Ну что им ответить! Наверное, они никогда не мылись так, как мы. Наверное, они купались в нормальных ванных комнатах, каждый вечер или каждое утро, и мылились дорогим мылом. Никогда после купания они не пили шарбат. (Они не пили шарбат ни сразу после купания, ни через десять – пятнадцать минут). Баня не была для них благодатью. Они всегда были чистыми, даже слишком чистыми. Им никогда не приходилось видеть столько грязи на дне ванны, что хватило бы на маленький виноградник аликанте. Они просто купались в своей ванне и ни о чем не задумывались.

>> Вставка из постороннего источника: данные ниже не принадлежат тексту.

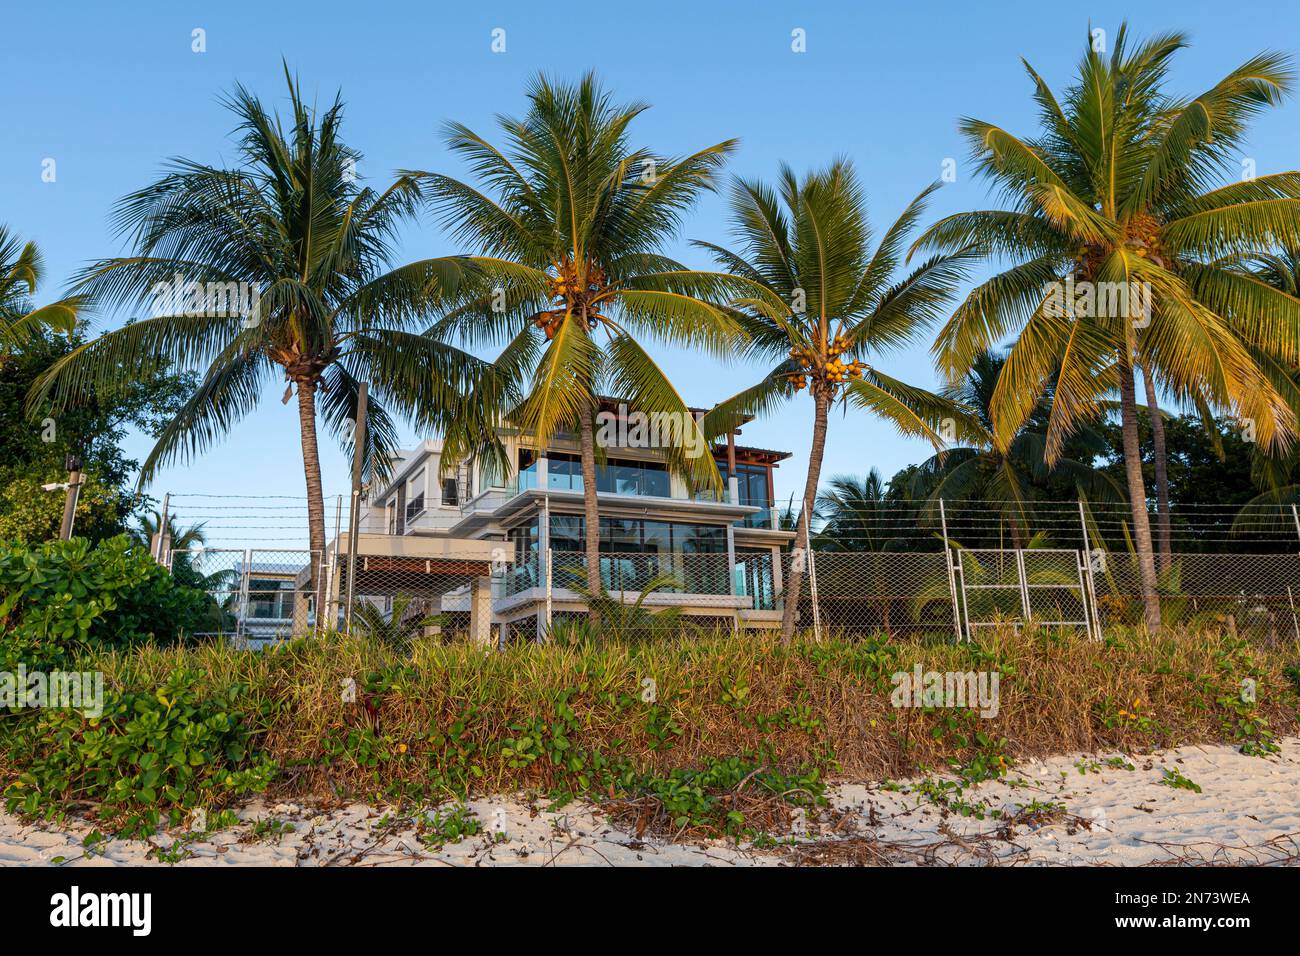 Quelques maisons à la plage de flic en flac à l'île maurice, afrique Banque D'Images
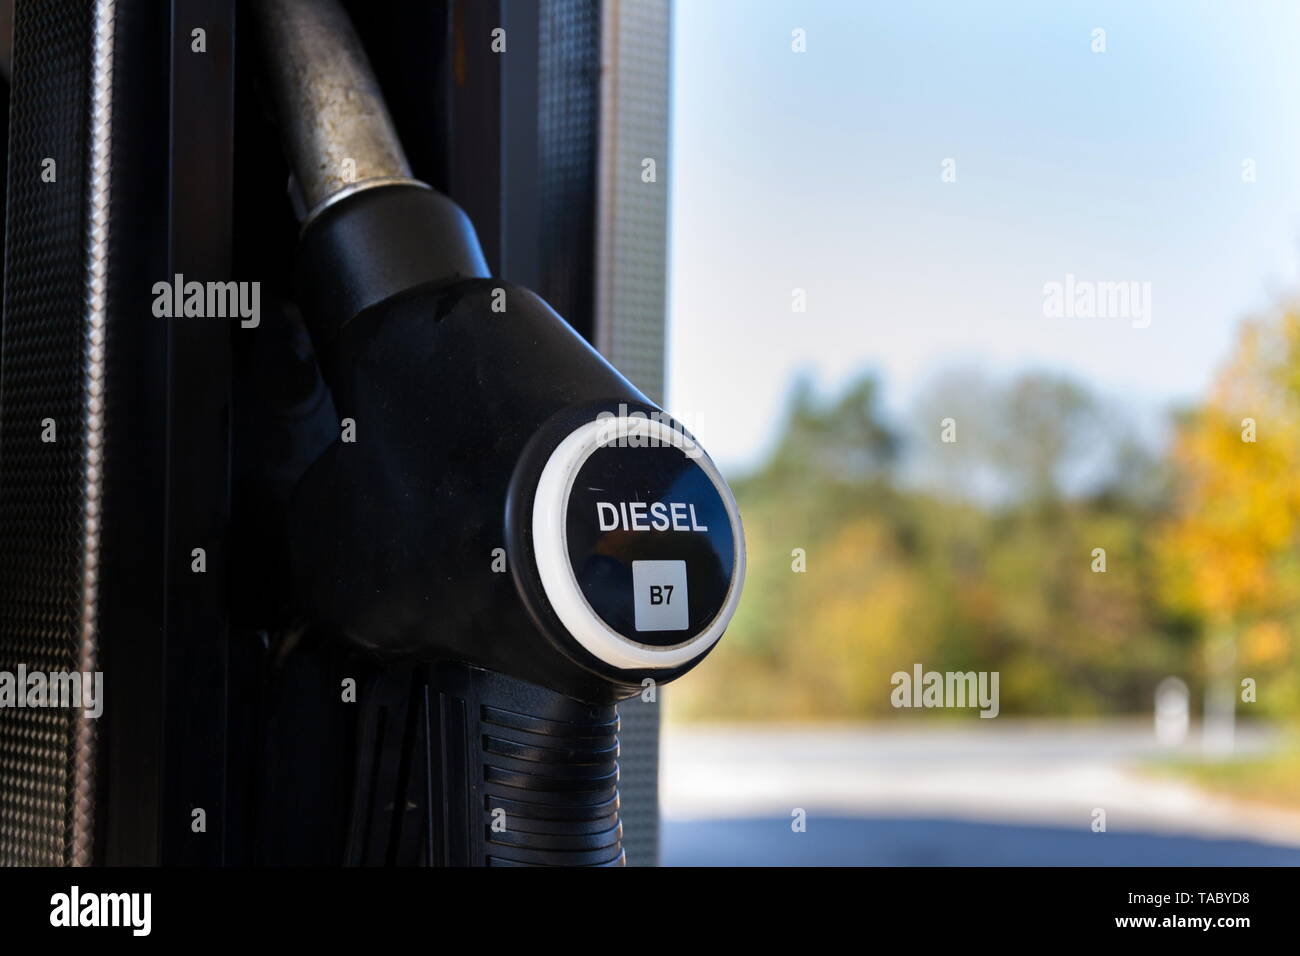 Nuevo Etiquetado de combustible en una gasolinera de bombas con las nuevas etiquetas de la UE, día soleado Foto de stock

Весь дом обогревался кухонной плитой. Другого источника тепла не было. Топили опилками. За три доллара нам привозили целый грузовик опилок и сваливали в один из двух наших сараев. За зиму мы сжигали два – два с половиной грузовика опилок. На растопку шли обрезки дерева, мы притаскивали их откуда только могли. Всю зиму, днем и ночью, в плите горел слабый огонь. Приятно пахло опилками, древесной смолой, кедром, сосной, дубом, раскаленной плитой. Плита была невысокая, имела две большие духовки, а на блестящей никелированной дощечке гордо сияла надпись «Эксельсиор». Нашего кота звали так же, в честь плиты. Кот расхаживал вокруг плиты, лениво потягиваясь. Лежа на полу неподалеку, поглядывал на армян, а те на кота, который научился у них, как себя вести, понимал немного из того, что они говорили, и все, что они делали. Мы жили вместе с котом. Это был серый котище, ловкий, сильный, независимый и все же теплый и ласковый. Он был немного себе на уме или, если хотите, был гениален, особенно весной и ранним летом. Бах! И он выпрыгивал сквозь москитную сетку, сквозь запертую на крючок дверь, словно она и не заперта, а вообще открыта. От этого не страдали, однако, ни кот, ни дверь, ни сетка. Все объяснялось древним, безудержным влечением к девочкам. Кот исчезал на три – четыре дня, потом появлялся весь истерзанный, ложился и принимался сам себя исцелять, как Экклесиаст: «Все суета. Всюду печаль и невежество. Ради всего святого, какой во всем в этом смысл и где же, наконец, мое блюдечко с молоком?»